ARRAY

Represents array data in external tables in the Parquet format only. Arrays must use only primitive types (and nested arrays, for multi-dimensionality). Arrays may not contain other complex types. For more information, see Reading Structs.

Syntax for Direct Construction

You can use the keyword ARRAY to construct an array type inside of a query. For example, to create an array of INT, you would do the following:

=> SELECT array_max(ARRAY[1,2,3]);

A two-dimensional array of INT would be declared as:

=> SELECT array_dims(ARRAY[[1,3,5],[2,4,6]]);

Array Input Format for Column Definition

Use "ARRAY[data_type]" to declare an array column in a table.
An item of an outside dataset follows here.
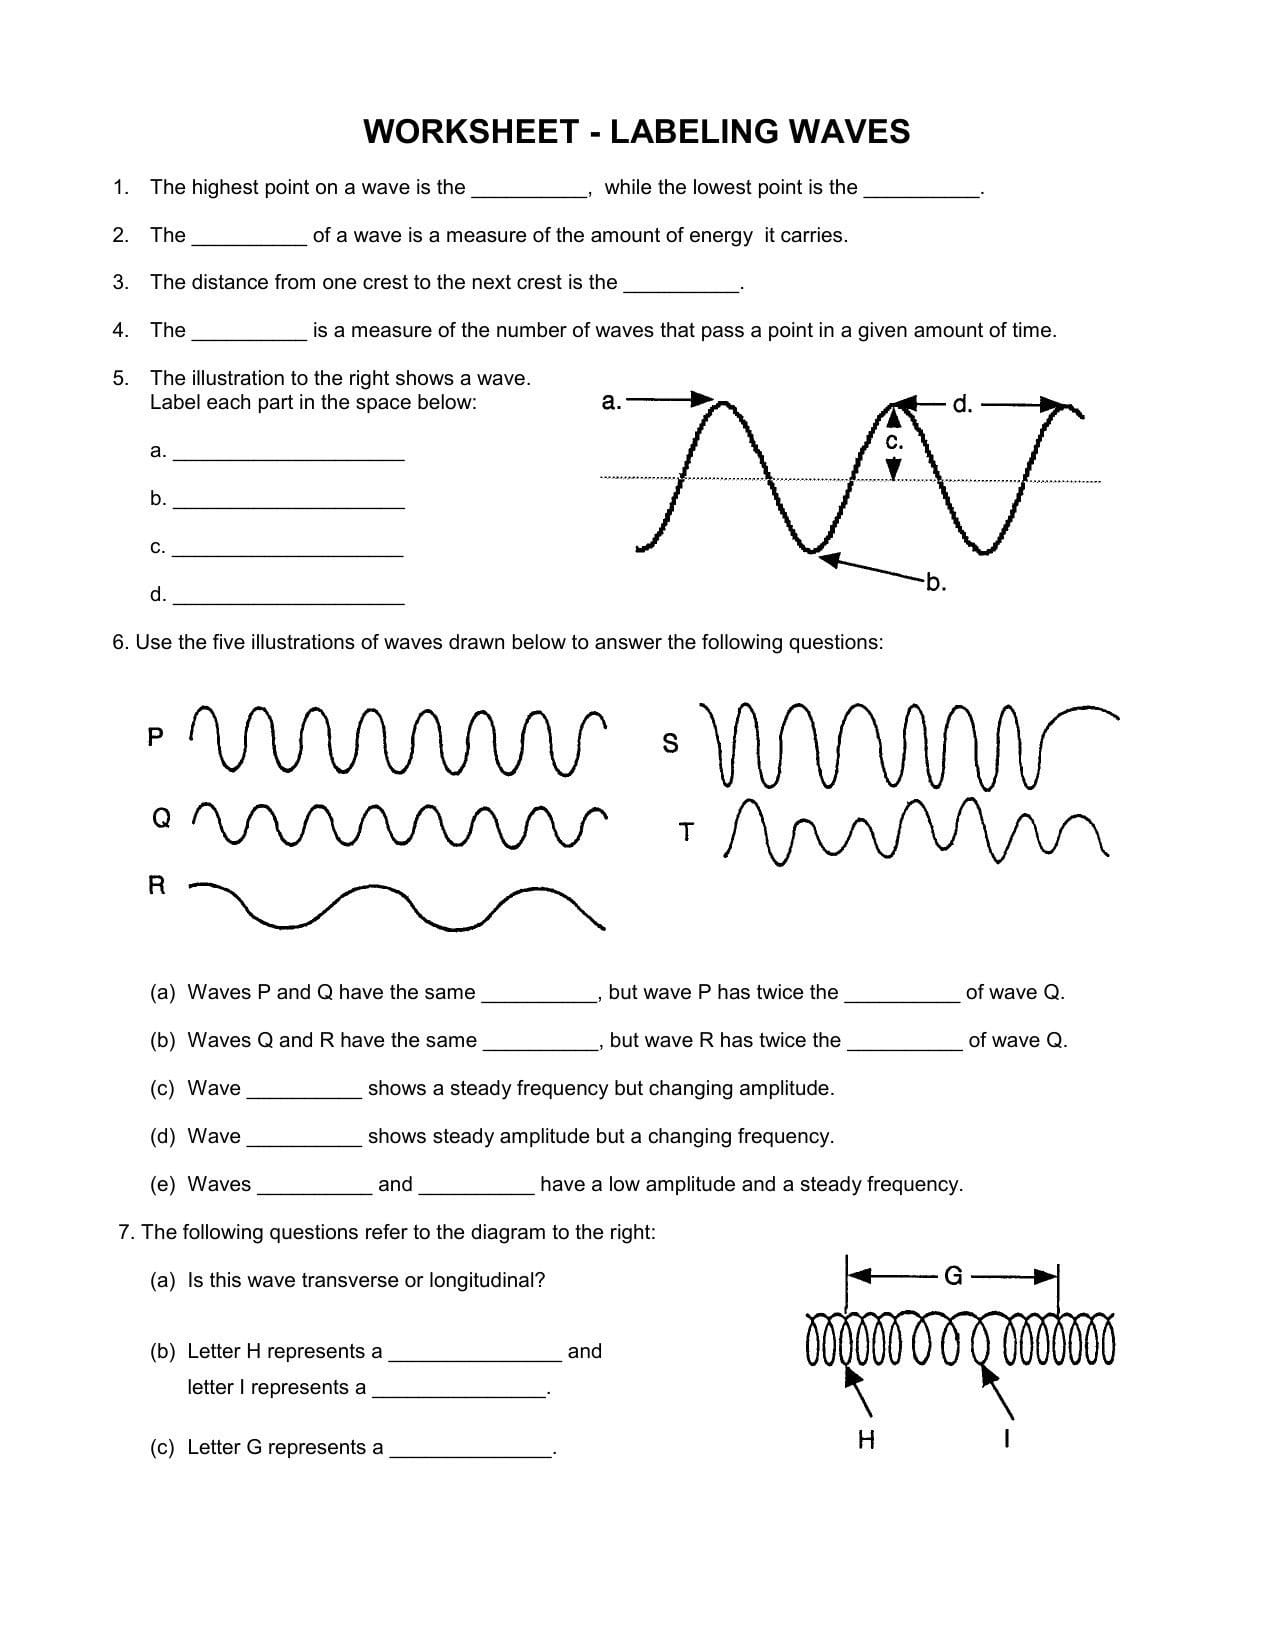 Waves Worksheet Answer Key Physics  Briefencounters Inside Waves Worksheet Answer Key Physics

The following example defines an external table for customers (abbreviated as cust):

=> CREATE EXTERNAL TABLE cust 
(
cust_custkey int, 
cust_custname varchar(50), 
cust_custstaddress ARRAY[varchar(100)], 
cust_custaddressln2 ARRAY[varchar(100)],
cust_custcity ARRAY[varchar(50)], 
cust_custstate ARRAY[char(2)],
cust_custzip ARRAY[int],
cust_email varchar(50), 
cust_phone varchar(30)
) 
AS COPY FROM '...' PARQUET;

To declare a multi-dimensional array, use nesting. For example, ARRAY[ARRAY[int]] specifies a two-dimensional array.

Array Output Format

A query reading arrays from external tables results in the following output:

=> SELECT cust_custkey,cust_custstaddress,cust_custcity,cust_custstate from cust;
cust_custkey |               cust_custstaddress                      |                cust_custcity                | cust_custstate
-------------+-------  ----------------------------------------------+---------------------------------------------+----------------
      342176 | ["668 SW New Lane","518 Main Ave","7040 Campfire Dr"] | ["Winchester","New Hyde Park","Massapequa"] | ["VA","NY","NY"]
      342799 | ["2400 Hearst Avenue","3 Cypress Street"]             | ["Berkeley","San Antonio"]                  | ["CA","TX"]
      342845 | ["336 Boylston Street","180 Clarkhill Rd"]            | ["Boston","Amherst"]                        | ["MA","MA"]
      342321 | ["95 Fawn Drive"]                                     | ["Allen Park"]                              | ["MI"]
      342989 | ["5 Thompson St"]                                     | ["Massillon"]                               | ["OH"]
(5 rows)

Element Access

You can access (dereference) elements from an array by index (zero-based):

=> SELECT (ARRAY['a','b','c','d','e'])[1];
array
-------
    "b"
(1 row)

To specify a range, use the format start:end. The end of the range is non-inclusive.

=> SELECT(ARRAY['a','b','c','d','e','f','g'])[1:4];
array
---------
["b","c","d"]
(1 row)

Out-of-bound index references return NULL.

Restrictions

  • Arrays support only data of primitive types, for example, int, UUID, and so on.
  • Arrays are supported only for external tables using Parquet data.
  • Arrays are 0-indexed. The first element's ordinal position is 0, second is 1, and so on.
  • Array dimensionality is enforced. A column cannot contain arrays of varying dimensions. For example, a column that contains a three-dimensional array can only contain other three-dimensional arrays; it cannot simultaneously include a one-dimensional array. However, the arrays in a column can vary in size, where one array can contain four elements while another contains ten.
  • Out-of-bound indexes into arrays return NULL.

Null Handling

Null semantics for arrays are consistent with normal columns. See NULL Sort Order for more information on null-handling.

Functions and Operators

See Array Functions for a comprehensive list of functions that can be used to manipulate arrays.